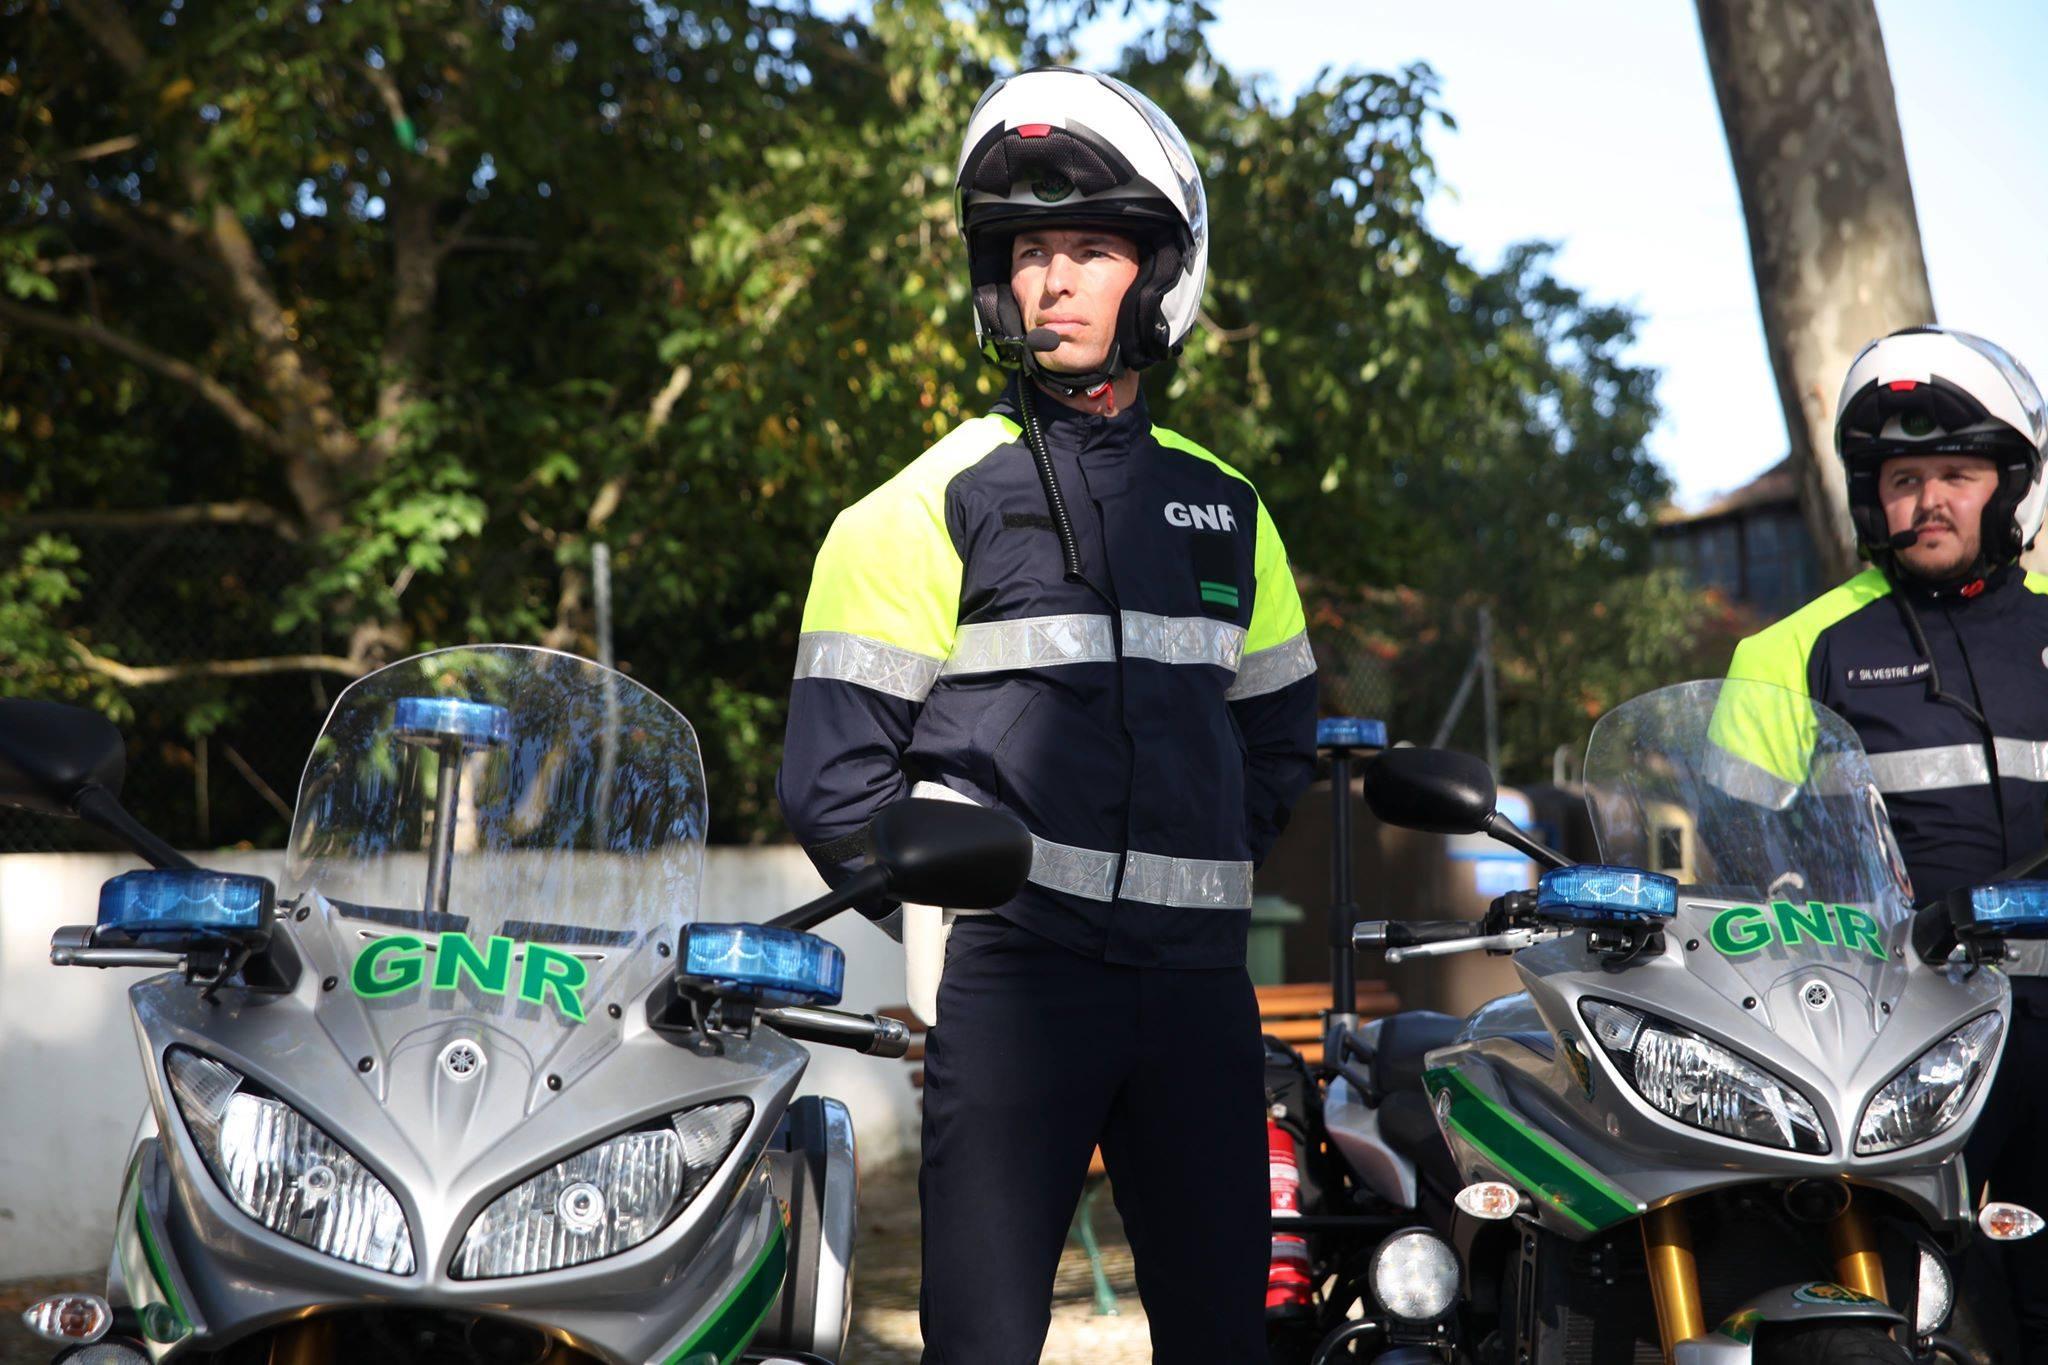 Campanha visa reduzir sinistralidade rodoviária envolvendo motociclistas
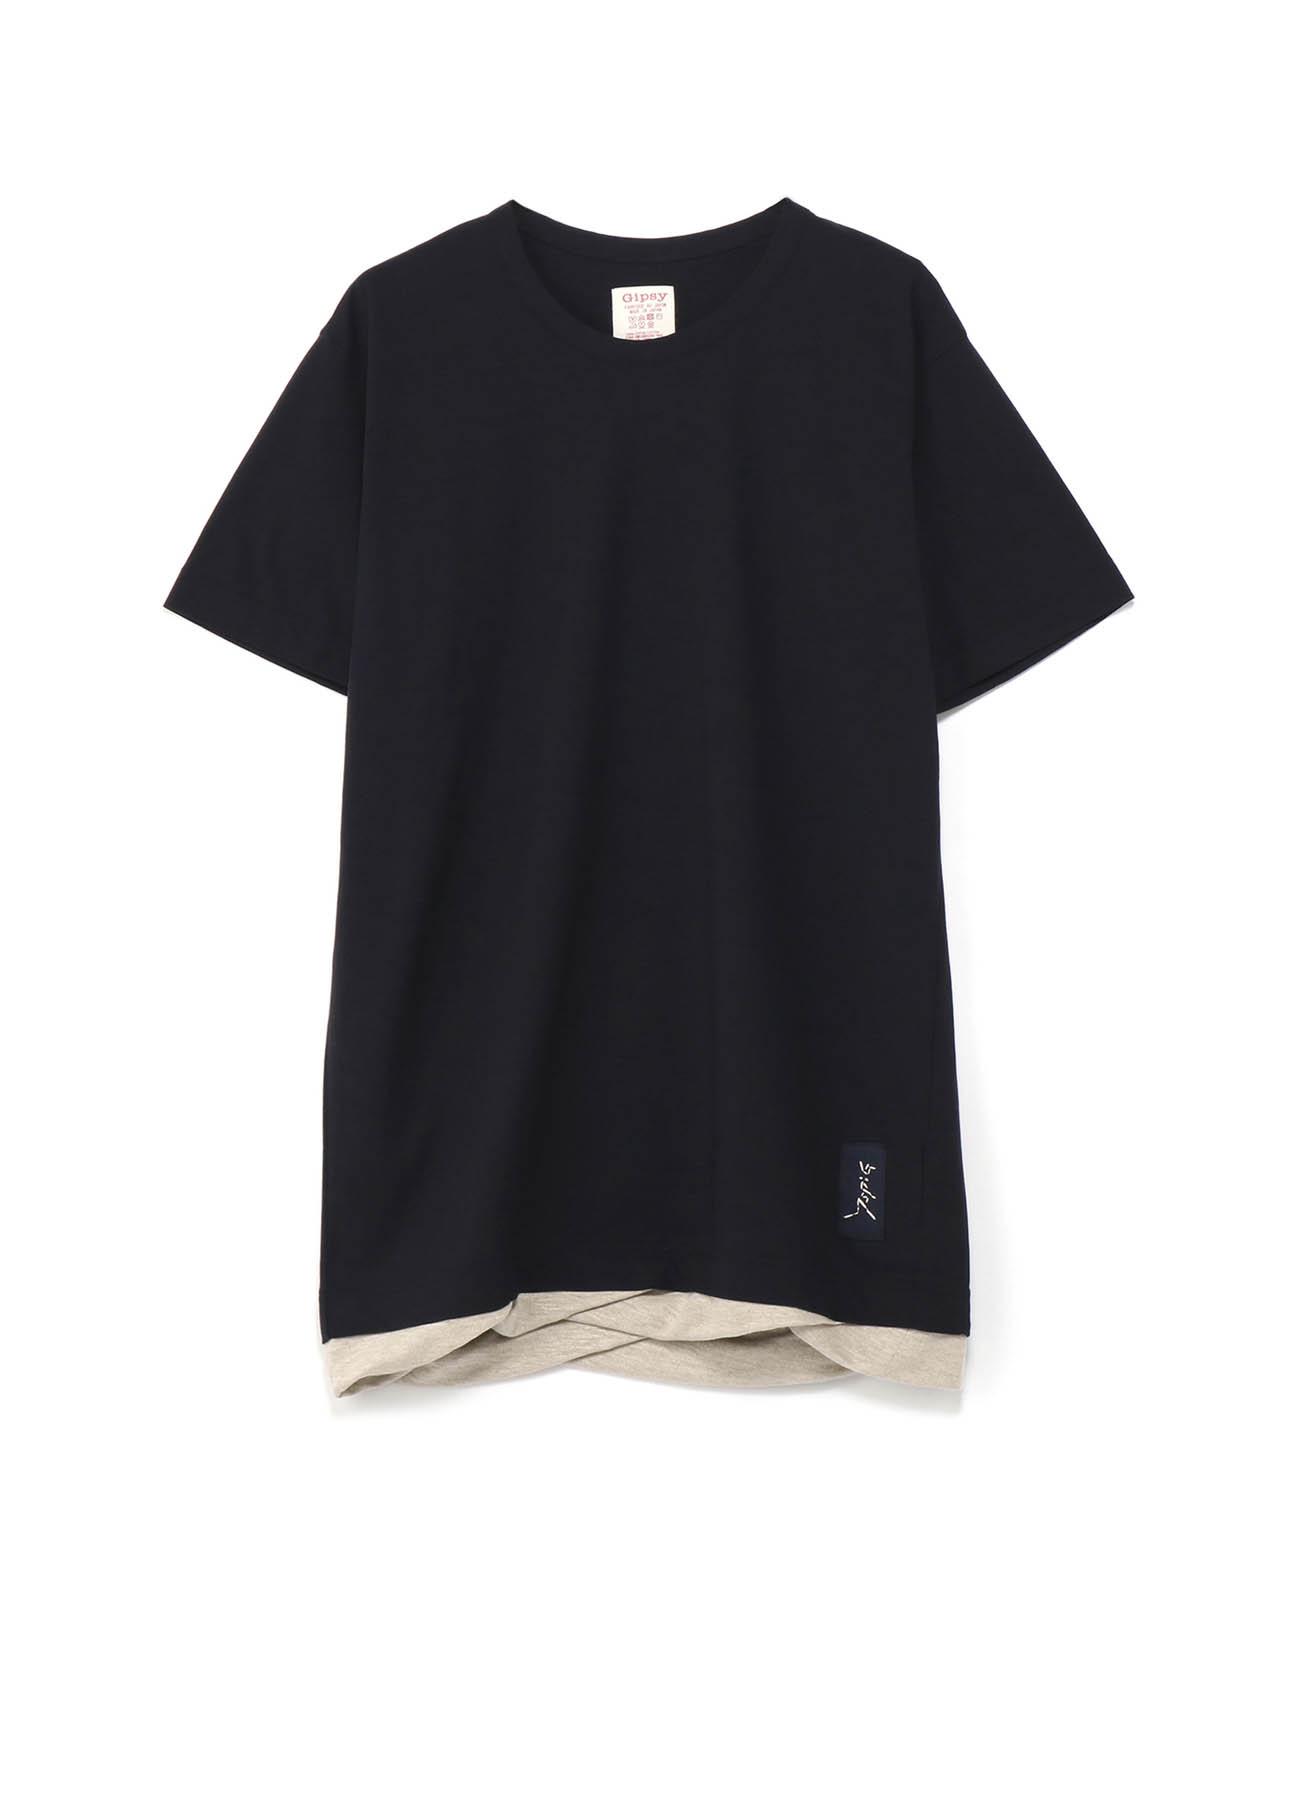 Gipsy コットン×リネン 裾ねじれビッグTシャツ
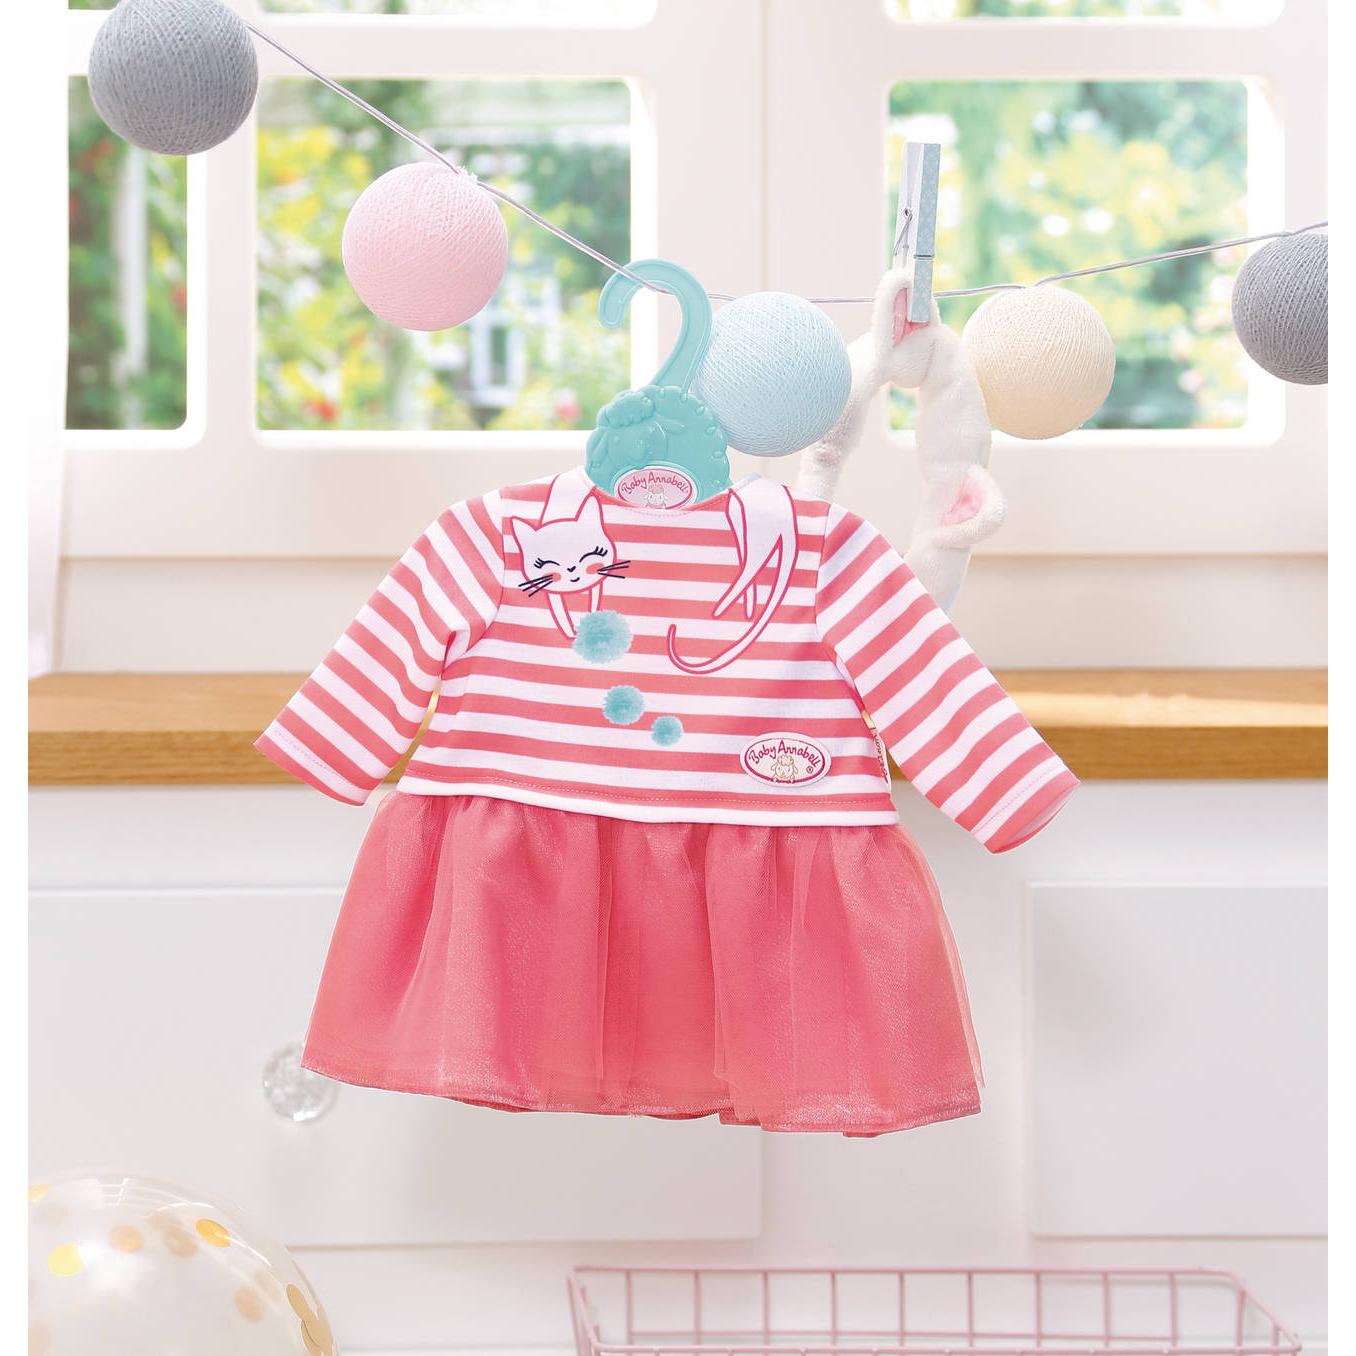 Σετ ρούχων Baby Annabell ξεχωριστή μέρα - Zapf  701454  eeefe72b584

> [Exercise prompt]
From the line containing "Gipsy コットン×リネン 裾ねじれビッグTシャツ" down to the end of the data above, reproduce each line exactly; no pictures.

> [Exercise response]
 Gipsy コットン×リネン 裾ねじれビッグTシャツ
 Σετ ρούχων Baby Annabell ξεχωριστή μέρα - Zapf  701454  eeefe72b584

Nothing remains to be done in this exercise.